# Old Curado Tear Down



## Boats4Drew (Aug 16, 2010)

I tore into my first Curado this afternoon. This reel was almost seized up and wouldn't reel or cast at all basically. Today I just wanted to get into it figure out the problem. 

First I found the spring from the drag star was on the left side bearing (screwdriver pointing it out).


----------



## Boats4Drew (Aug 16, 2010)

Then I found corrosion on the bearing immediately next to the spool. I couldn't get this bearing out. How do you replace that bearing? 

Note this is not the bearing inside the right side casing. That one came out and got replaced easily.


----------



## Boats4Drew (Aug 16, 2010)

I opened the right side to expose the guts of the reel. Notice the right side bearing and spring easily came out. 

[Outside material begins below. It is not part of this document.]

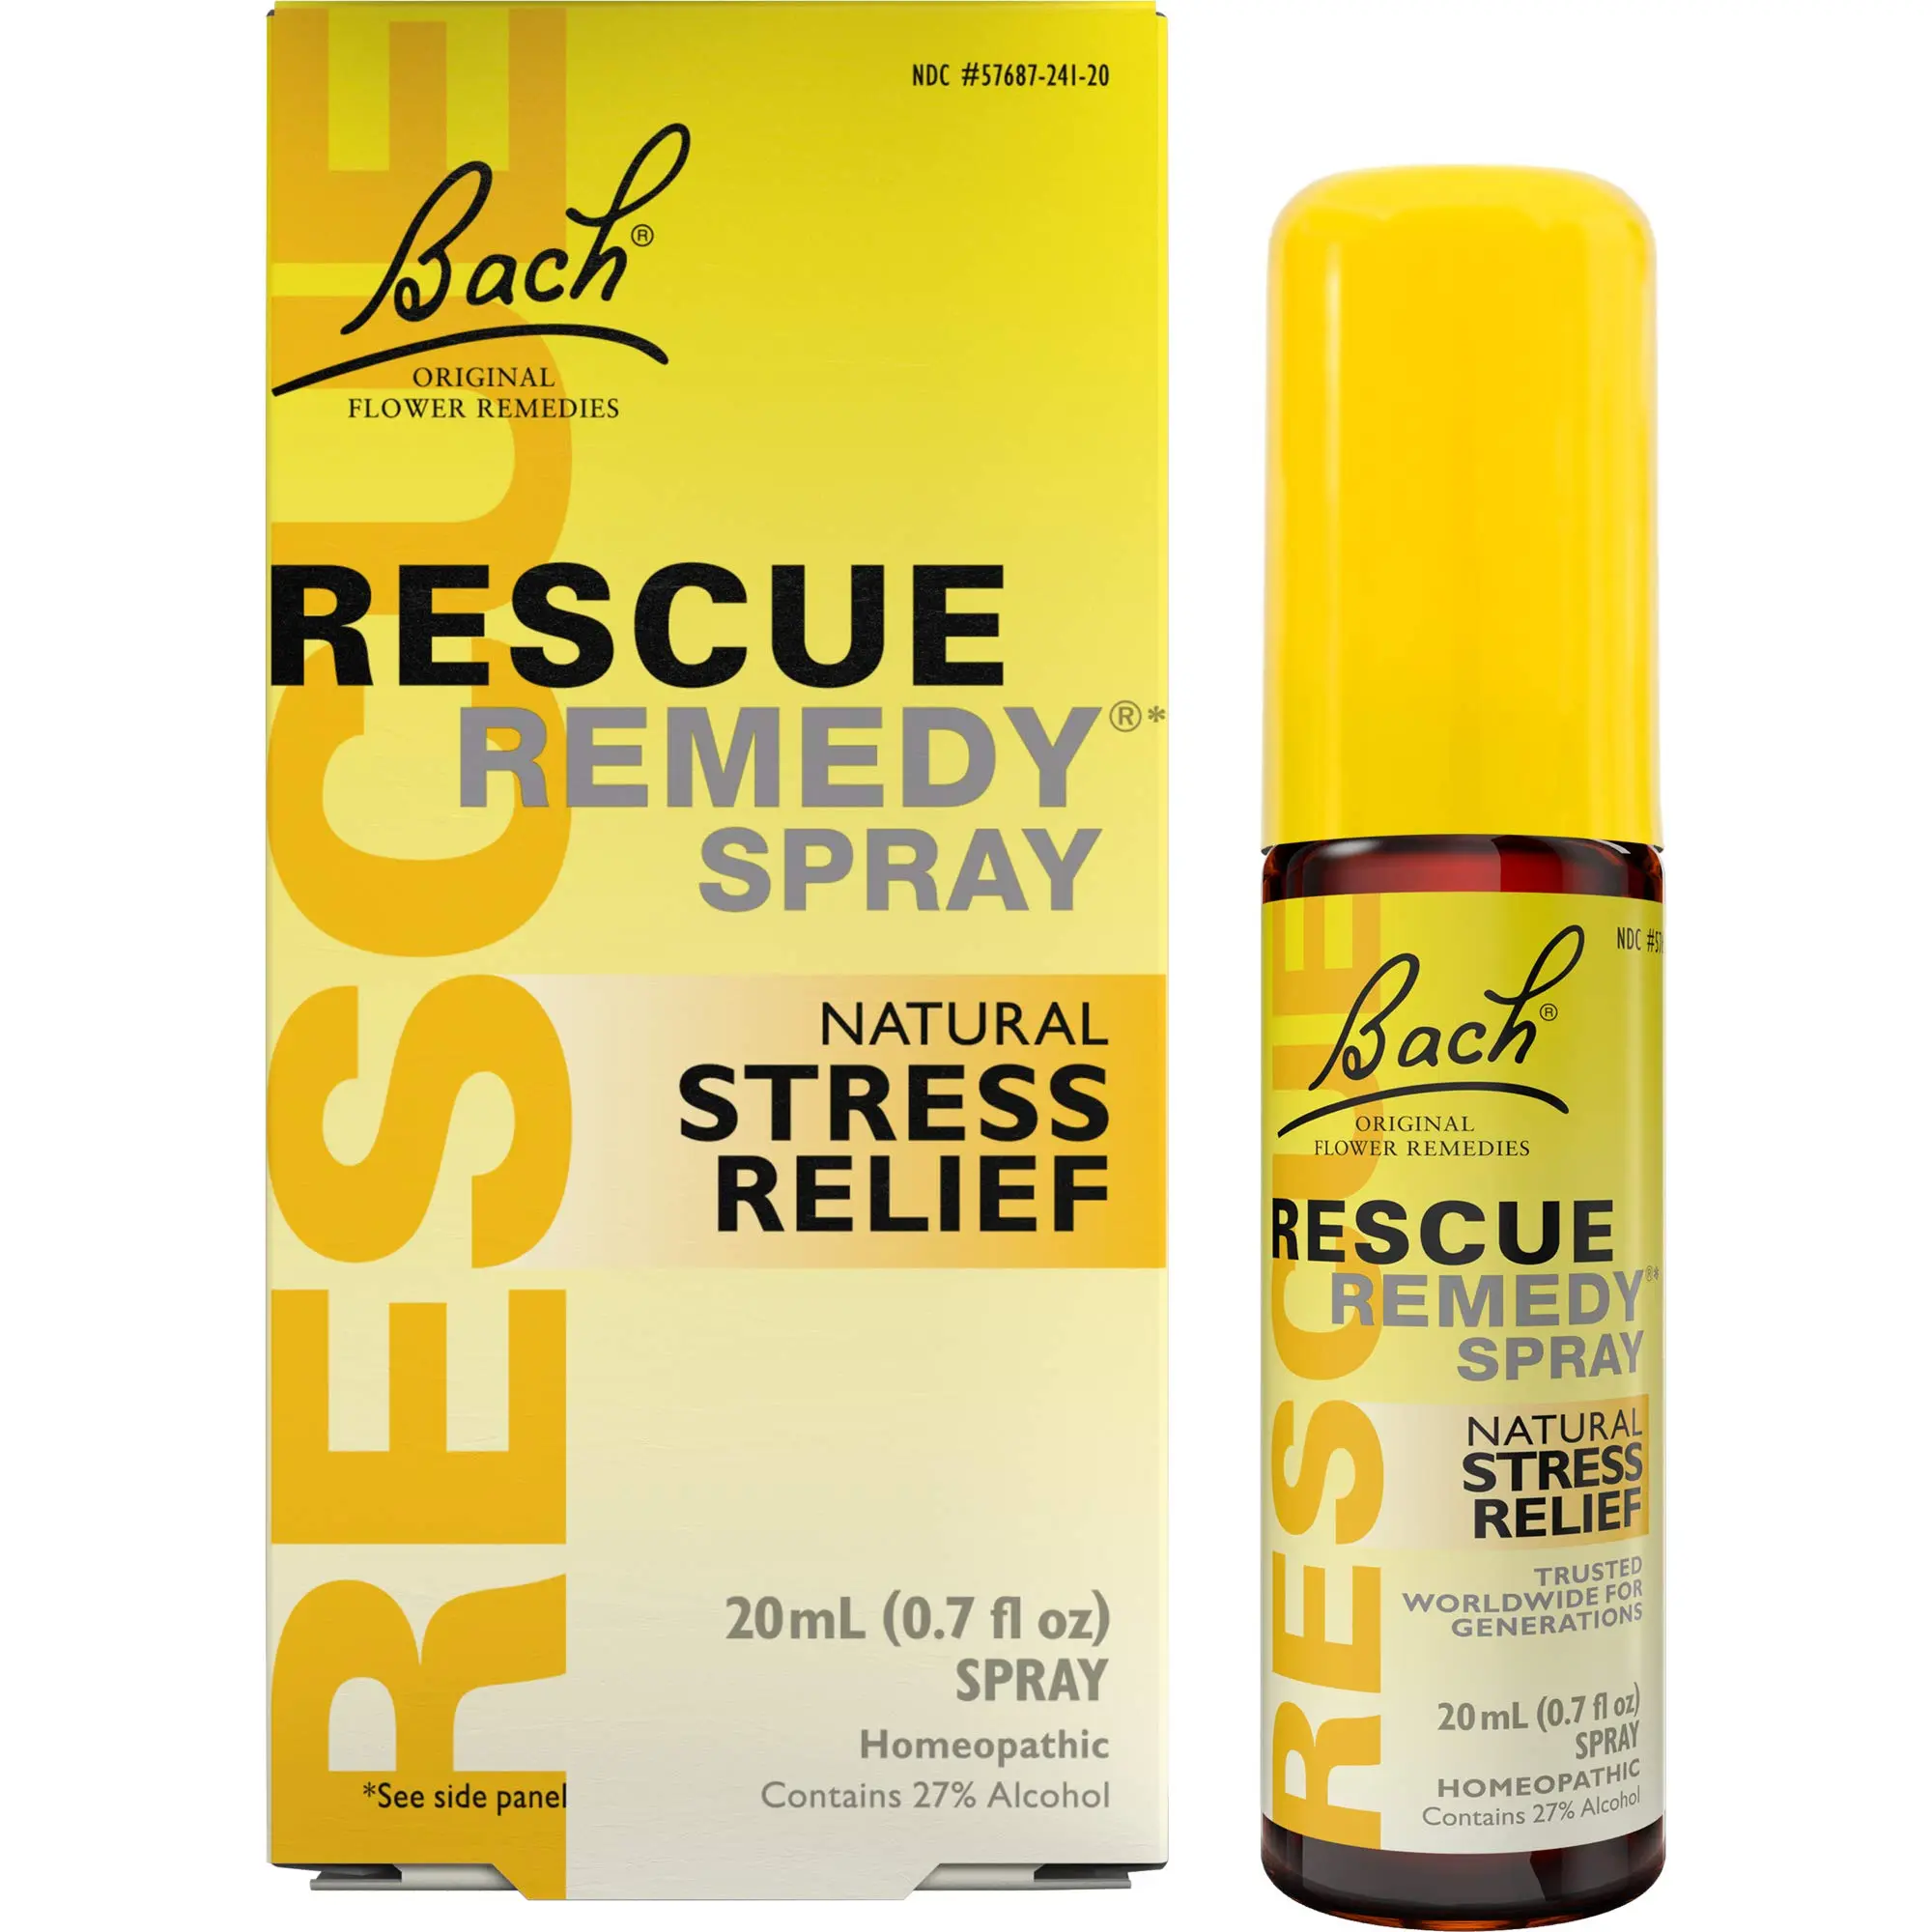 rescue spray fiori di bach - Quanti spruzzi di Rescue Remedy

I have the handle and all of the associated parts laid out in order of their removal. Note the lack of the spring below the drag star. I put the spring back in the right place when it was reassembled.

Then, I removed the pinion and springs. 

Next I broke down the drive shaft and drag washers. I completely removed the drive shaft including taking out the two small screws. To do this you have to stick the screw driver in through the frame. But the worst part was putting that keeper ring on the end of the drive shaft back on during reassembly.


----------



## Boats4Drew (Aug 16, 2010)

I came across a rebuild kit that had oil, grease and bearings. I must have bought it a year or two ago. I was able to replace two bearings and generally clean and lube the whole reel during reassembly. 

The reel still isn't free spooling like other videos I've seen. That one bearing right next to the spool didn't get replaced, but I got most of the rust off. 

Should I look into a new set of bearings since I don't know how old these replacements are? Also, do I need to get a hold of different oil and grease?


----------



## Boats4Drew (Aug 16, 2010)

By the way, I found these videos very helpful:






That is Part 2 of a three part series.


----------



## Dan Thorburn (Dec 18, 2013)

You need to press the spool pin out to replace the bearing. There are some companies that make special pliers for this (or used to). 


We recommend our Shimano Drag Grease for grease and our Bantam Oil for oil. It can be ordered direct, or purchased through any of our service centers.


----------